这样，你的 python 算法就可以重现如下:

var zipListBox = new List<string>();

using (var archive = ZipFile.Open(fullFileName, ZipArchiveMode.Read))
{
    foreach (var entry in archive.Entries)
    {
        if (Path.GetExtension(entry.Name).Equals(".xml", StringComparison.OrdinalIgnoreCase))
        {
            using (var zipEntryStream = entry.Open())
            using (var reader = XmlReader.Create(zipEntryStream))
            {
                // Move to the root element
                reader.MoveToContent();

                var query = reader
                    // Read all child elements <Widget>
                    .ReadElements("Widget", "")
                    // And extract the text content of their first child element <Description>
                    .SelectMany(r => r.ReadElements("Description", "").Select(i => i.ReadElementContentAsString()).Take(1));

                zipListBox.AddRange(query);
            }
        }
    }
}

注释:

您的 C# XPath 查询与原始 Python 查询不匹配。您的原始 python 代码执行以下操作:
```
zfft = et.parse(zff).getroot()
```
这将无条件获取根元素( docs )。
```
zffts = zfft.findall('Widget')
```
这会找到所有名为“Widget”的直接子元素(未使用递归下降运算符 //)( docs )。
```
wgt.find('Description').text for wgt in zffts
```
这会循环遍历小部件，并为每个小部件查找第一个名为“Description”的子元素并获取其文本 ( docs )。

比较xmlDoc.SelectNodes("//Root/Widget")递归地沿整个 XML 元素层次结构向下查找名为 <Widget> 的节点嵌套在名为 <Root> 的节点内——这可能不是你想要的。同样tmp.SelectSingleNode("//Description")在 <Widget> 下递归地降低 XML 层次结构查找描述节点。递归下降在这里可能有效，但如果有多个嵌套，则可能返回不同的结果 <Description>节点。
使用 XmlReader.ReadSubtree() 确保整个元素都被消耗——不多也不少。

ReadElements()与 LINQ to XML 配合良好。例如。如果您想流式传输 XML 并获取每个小部件的 id、描述和名称，而不将它们全部加载到内存中，您可以这样做:

var query = reader
    .ReadElements("Widget", "")
    .Select(r => XElement.Load(r))
    .Select(e => new { Description = e.Element("Description")?.Value, Id = e.Attribute("id")?.Value, Name = e.Element("Name")?.Value });

foreach (var widget in query)
{
    Console.WriteLine("Id = {0}, Name = {1}, Description = {2}", widget.Id, widget.Name, widget.Description);
}

这里内存使用将再次受到限制，因为只有一个 XElement对应单个<Widget>随时会被引用。

演示 fiddle here .

更新

如果 <Widget> 的集合，您的代码将如何更改标签并非直接来自 XML 根，实际上它们本身包含在单个 <Widgets> 中。根的子树？

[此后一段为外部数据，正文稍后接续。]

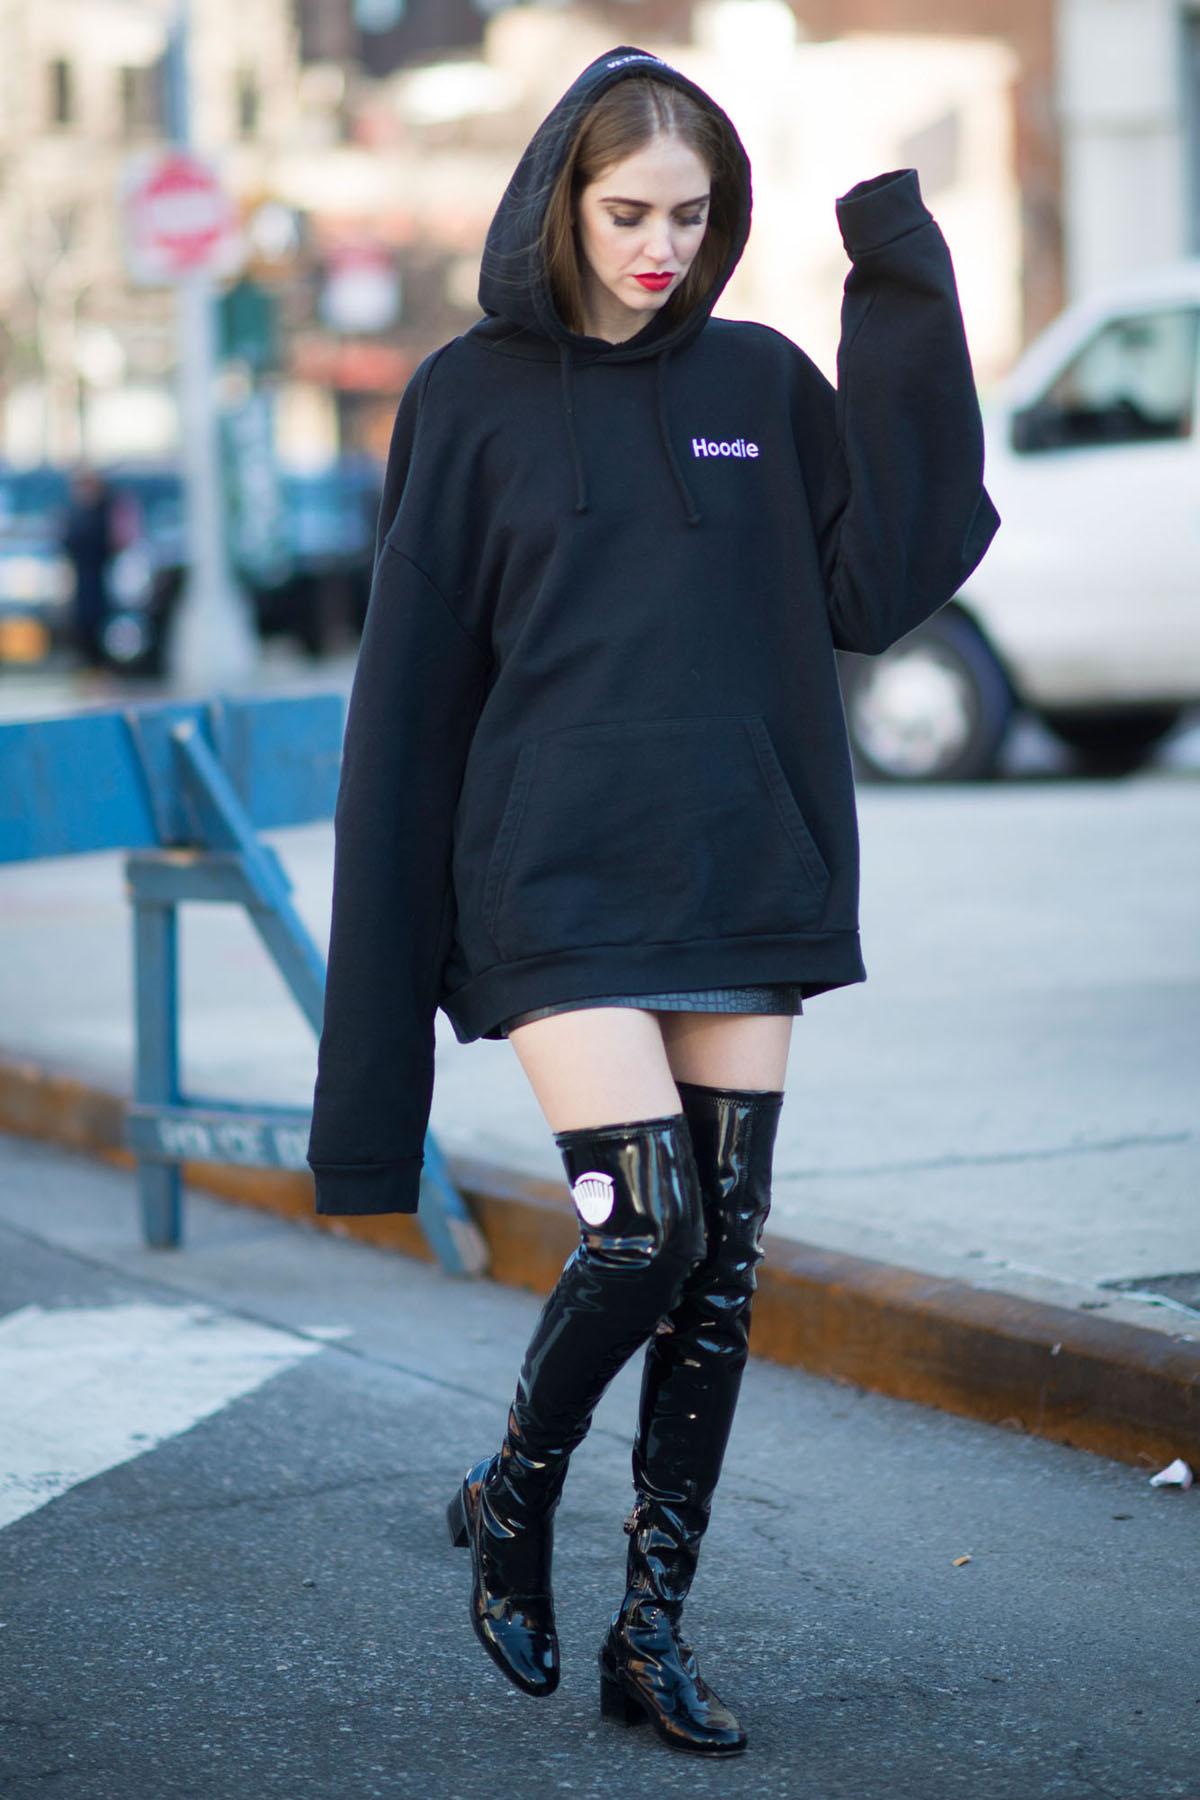 Một số mẫu áo quá khổ Không chỉ trang phục ôm sát mới ảnh hưởng sức khỏe. Những chiếc áo oversized nặng nề cũng gây khó chịu ở cổ và lưng. Tay áo rộng khiến bạn phải giữ cánh tay ở vị trí không tự nhiên, dẫn đến tình trạng căng cơ.Riêng với hoodie, khi đội mũ áo, bạn thường phải vươn cổ để quan sát xung quanh. Còn nếu bạn không đội mũ, sức nặng của nó sẽ kéo áo khít lên cổ một cách khó chịu.

这里有几个选择。首先，您可以嵌套调用 ReadElements通过将 LINQ 语句链接在一起，使用 SelectMany 展平元素层次结构:

var query = reader
    // Read all child elements <Widgets>
    .ReadElements("Widgets", "")
    // Read all child elements <Widget>
    .SelectMany(r => r.ReadElements("Widget", ""))
    // And extract the text content of their first child element <Description>
    .SelectMany(r => r.ReadElements("Description", "").Select(i => i.ReadElementContentAsString()).Take(1));

如果您只想阅读<Widget>，请使用此选项仅在某些特定 XPath 上的节点。

或者，您可以简单地读取名为 <Widget> 的所有后代。如下所示:

var query = reader
    // Read all descendant elements <Widget>
    .ReadDescendants("Widget", "")
    // And extract the text content of their first child element <Description>
    .SelectMany(r => r.ReadElements("Description", "").Select(i => i.ReadElementContentAsString()).Take(1));

如果有兴趣阅读 <Widget>，请使用此选项节点，无论它们出现在 XML 中的何处。

演示 fiddle #2 here .

关于C# .NET - 是否有一种简单的方法可以通过单个 ZIP 文件中的 XML 文件集合查询相同的 XML 节点？，我们在Stack Overflow上找到一个类似的问题： https://stackoverflow.com/questions/58692275/

C# .NET - 是否有一种简单的方法可以通过单个 ZIP 文件中的 XML 文件集合查询相同的 XML 节点？

上一篇：python - Selenium Python 编码选择下拉菜单 : getting error SeleAttributeError: 'list' object has no attribute 'tag_name'

下一篇：python - 如何组合通过交叉验证找到的深度学习模型？